→ What the task requires: Transcribe the entries exactly; images are not part of the copy.

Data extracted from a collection

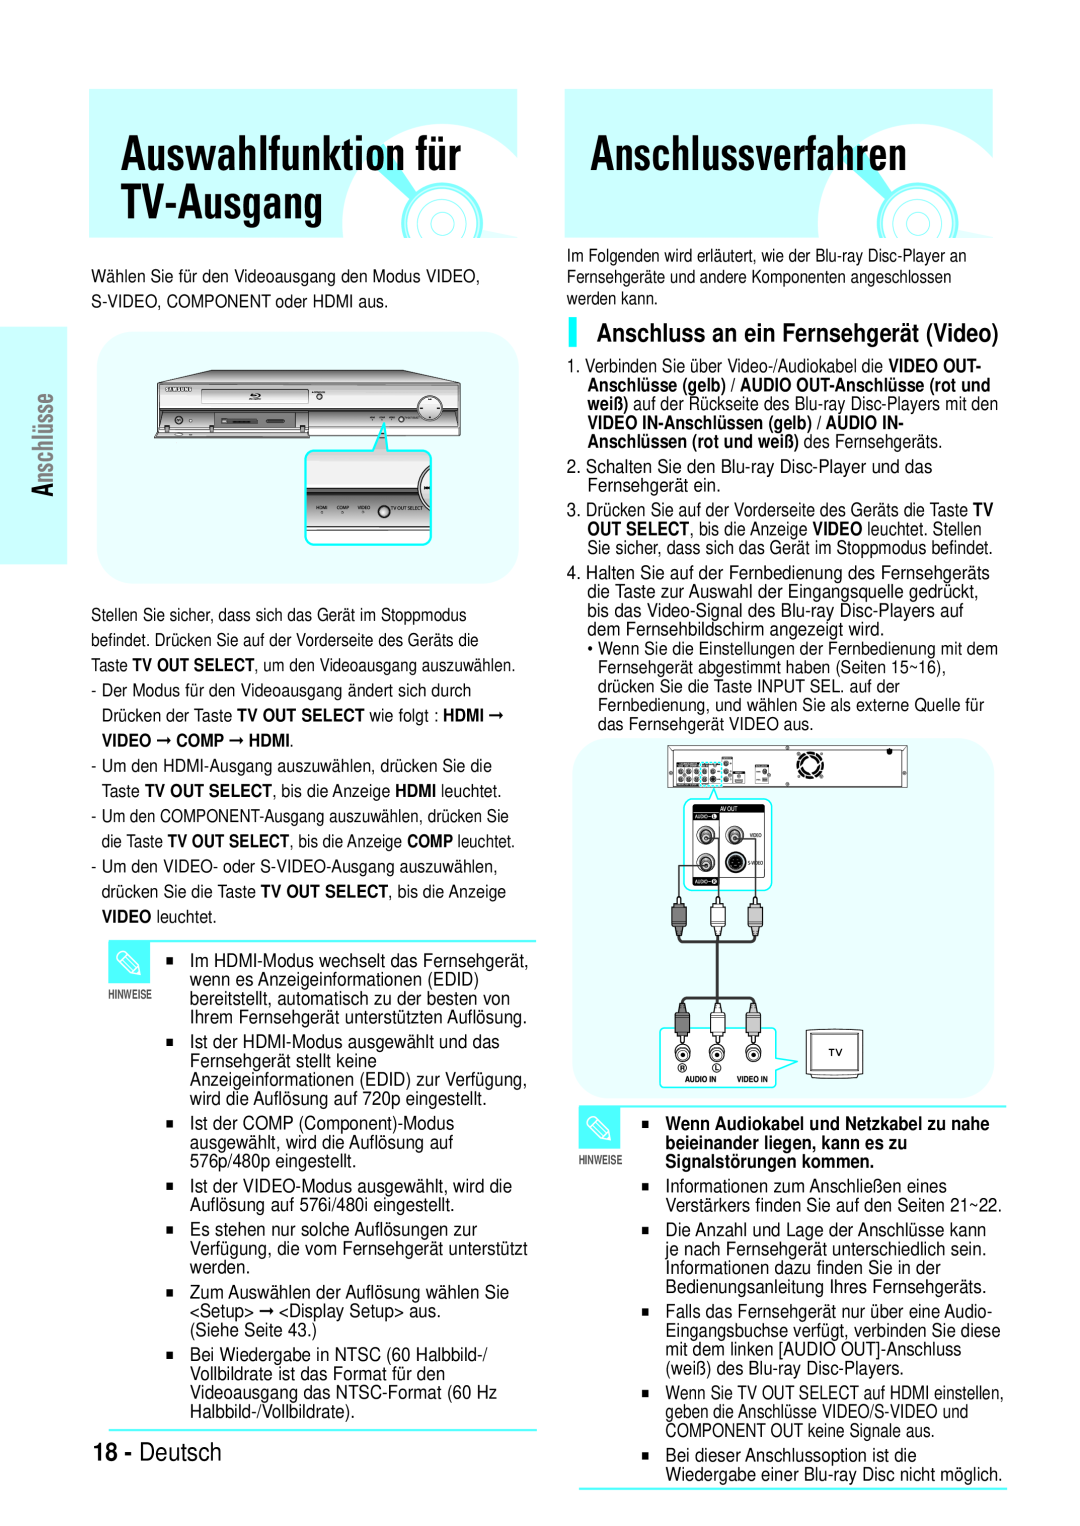 Samsung BD-P1000/XEL Anschlussverfahren, Auswahlfunktion für TV-Ausgang, Deutsch, Anschluss an ein Fernsehgerät Video 
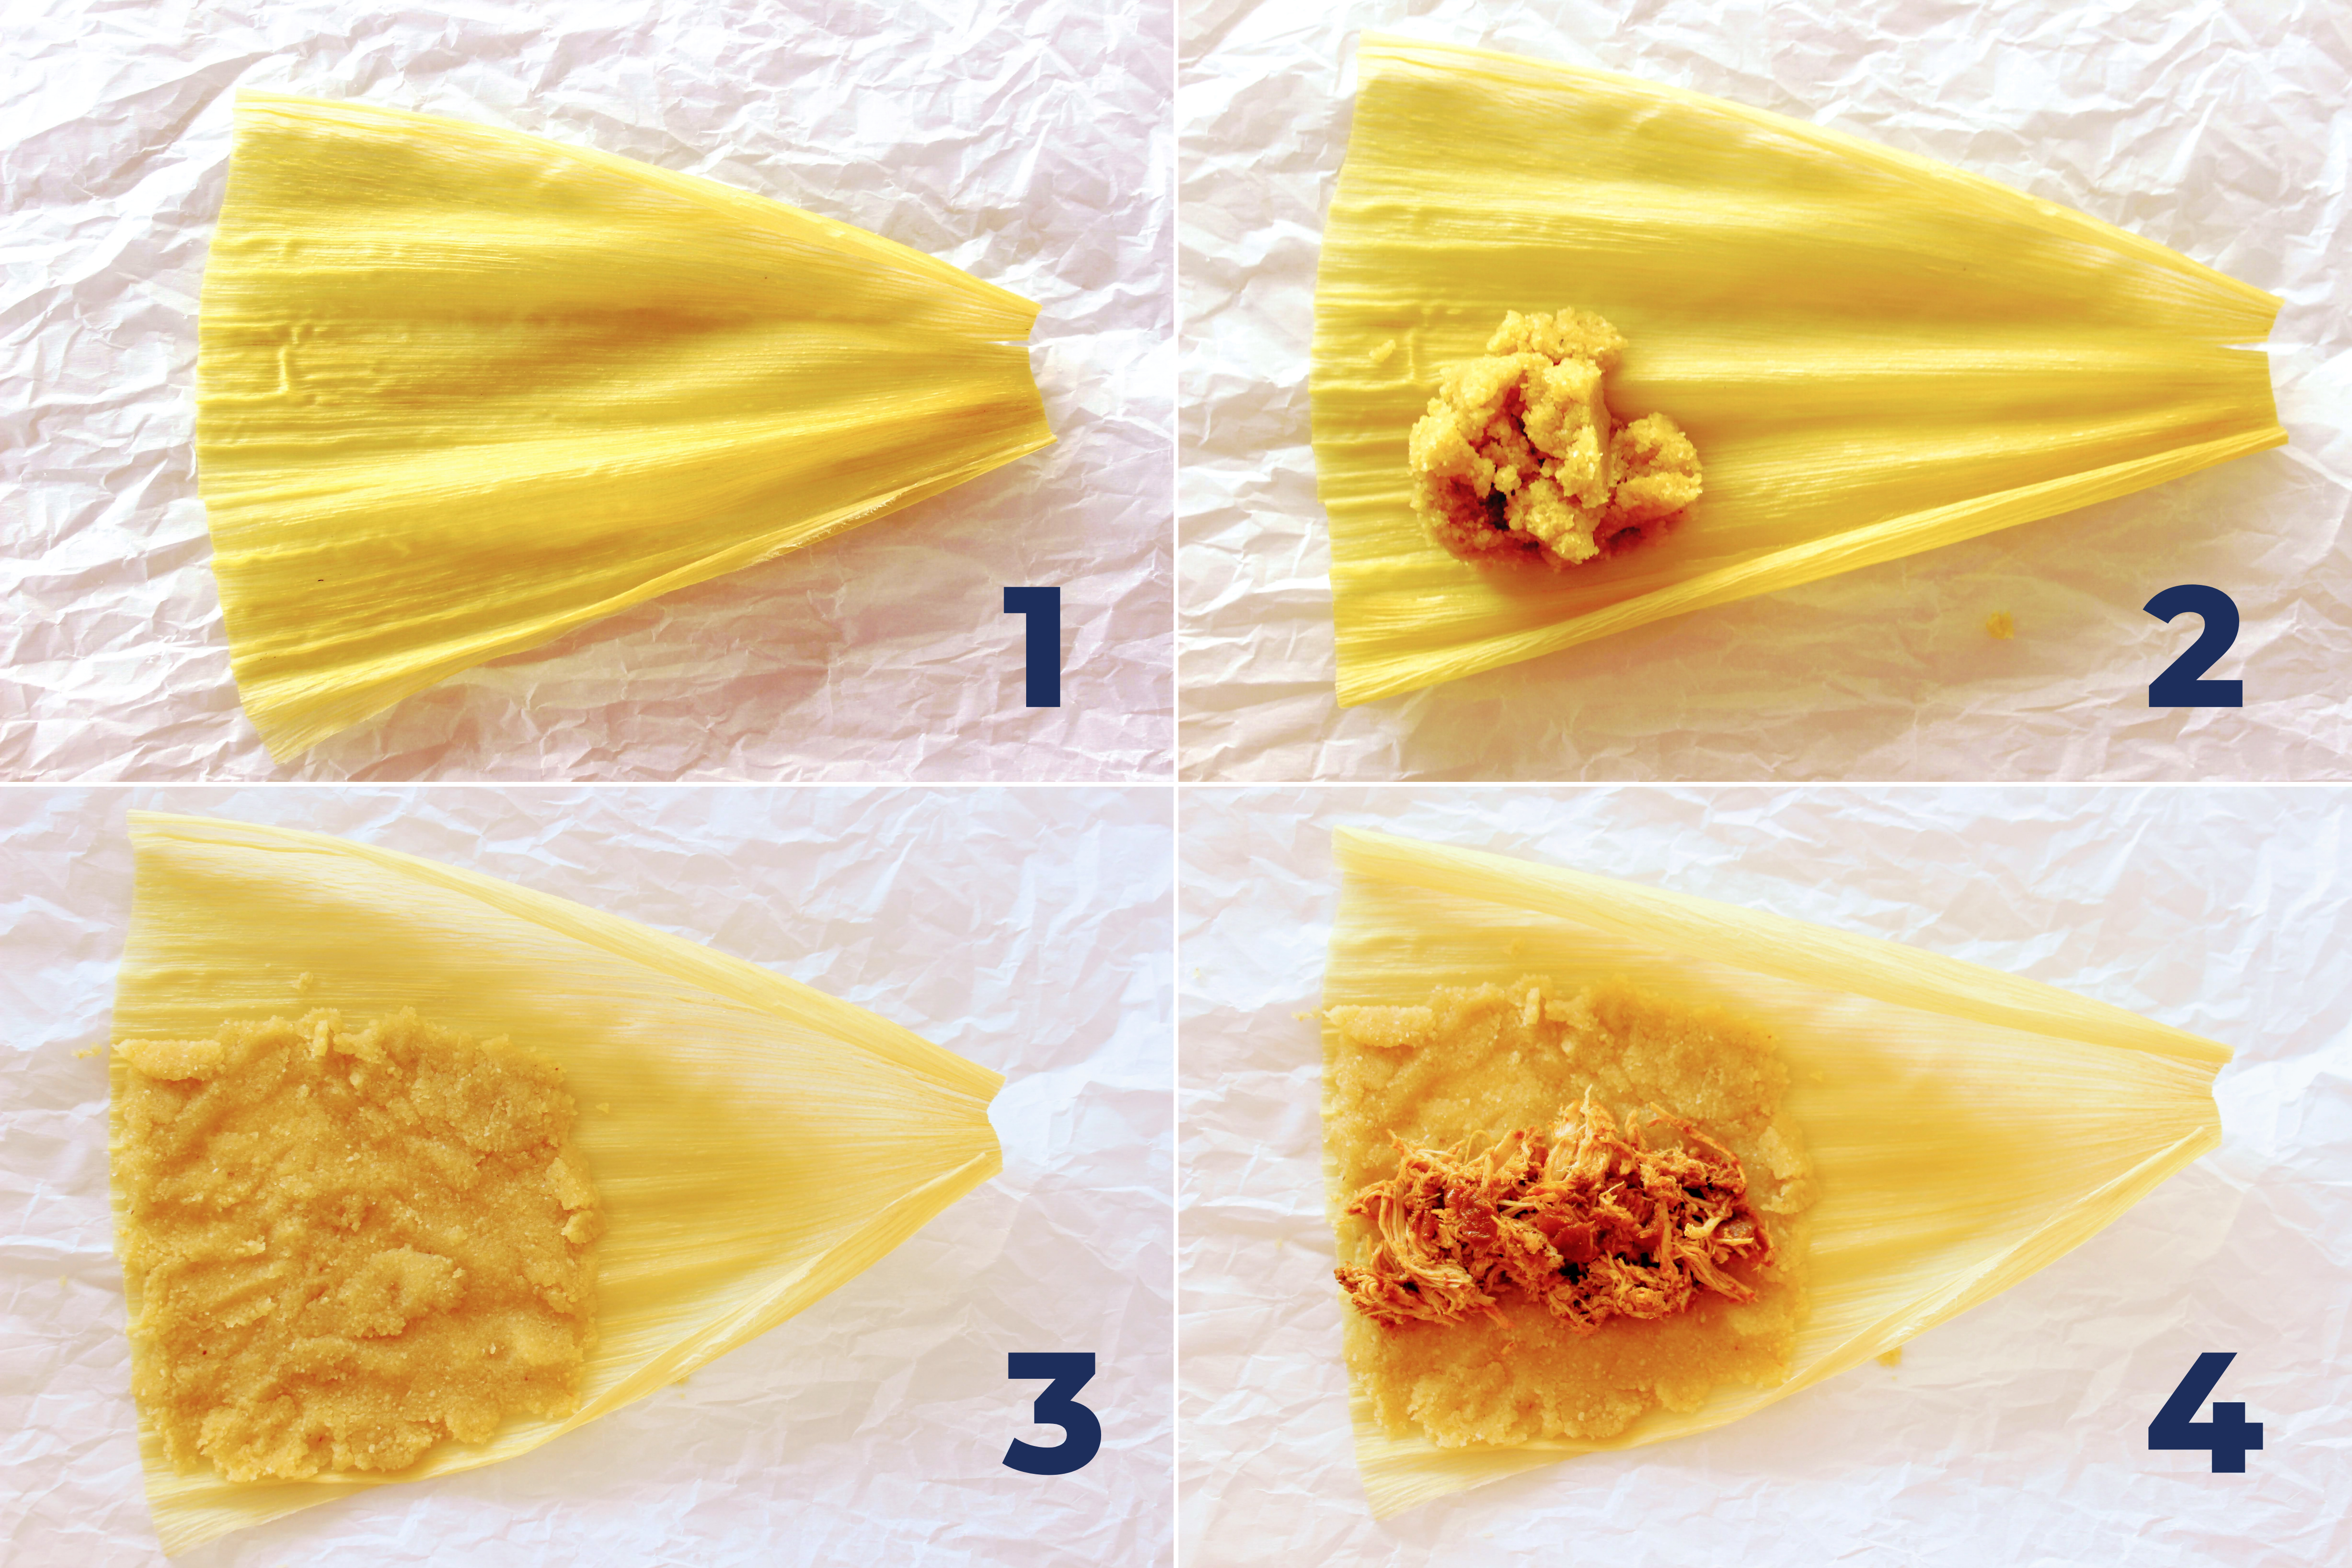 How to make keto tamales steps 1-4
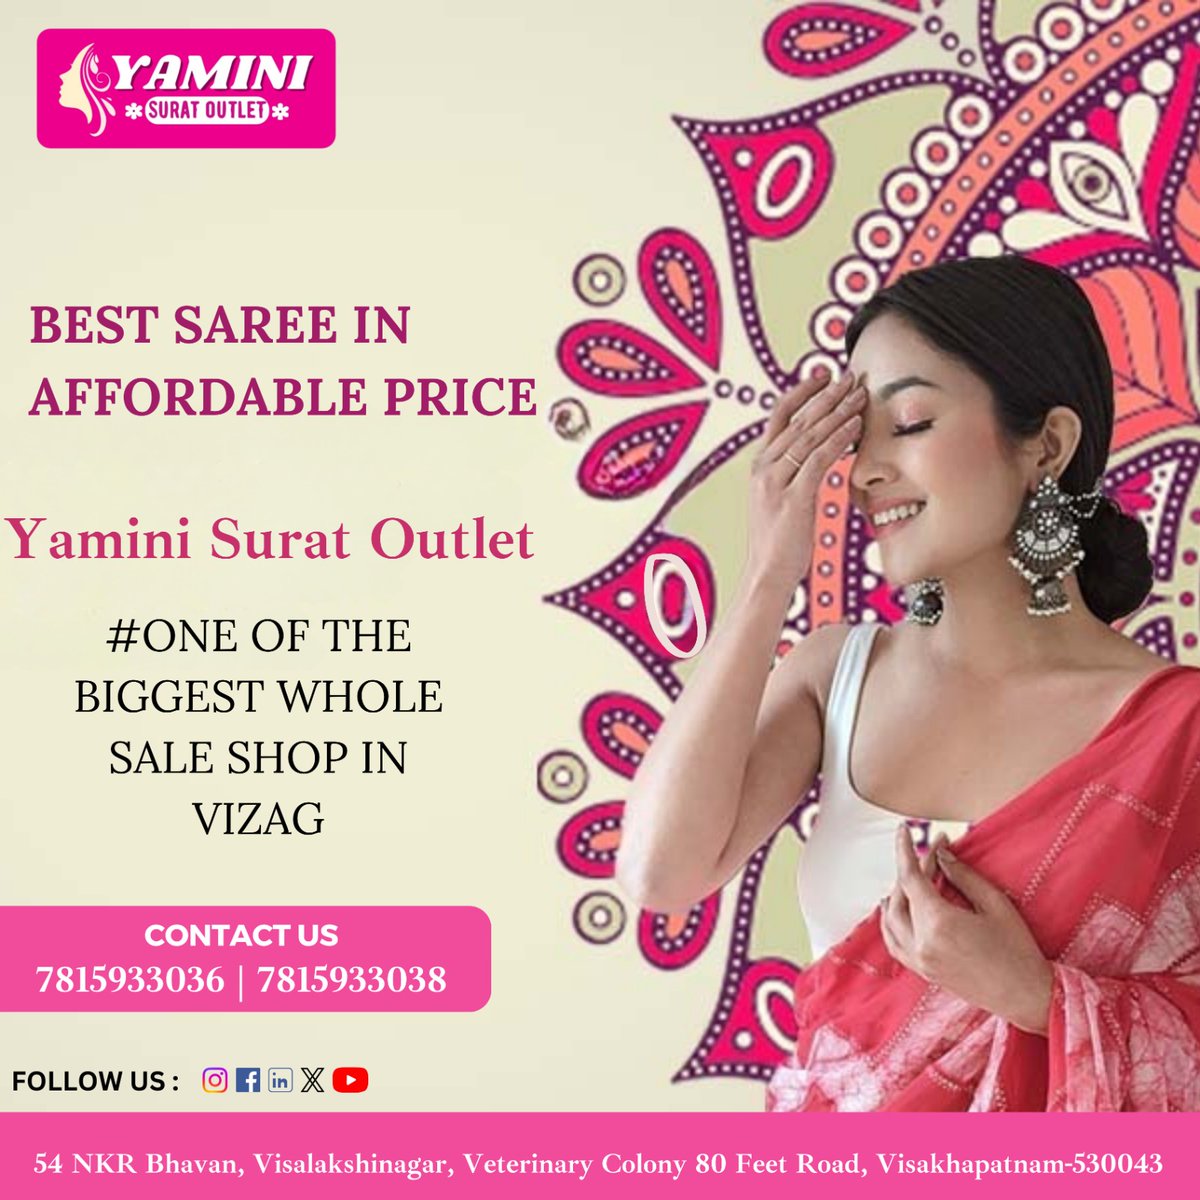 Yamini Agencies' collection, where every thread weaves a tale of style and savings.

CONTACT US: 7815933036 | 7815933038

#SareeLove #IndianCulture #TraditionalWear #SareeStyle #SareeGoals #SareeFashion #PerfectSaree  #SareeGoals #AffordableSarees #YaminiAgencies #SareeDeals

→ Result:
 Samsung BD-P1000/XEL Anschlussverfahren, Auswahlfunktion für TV-Ausgang, Deutsch, Anschluss an ein Fernsehgerät Video 
 How to make keto tamales steps 1-4
 Yamini Agencies' collection, where every thread weaves a tale of style and savings.

CONTACT US: 7815933036 | 7815933038

#SareeLove #IndianCulture #TraditionalWear #SareeStyle #SareeGoals #SareeFashion #PerfectSaree  #SareeGoals #AffordableSarees #YaminiAgencies #SareeDeals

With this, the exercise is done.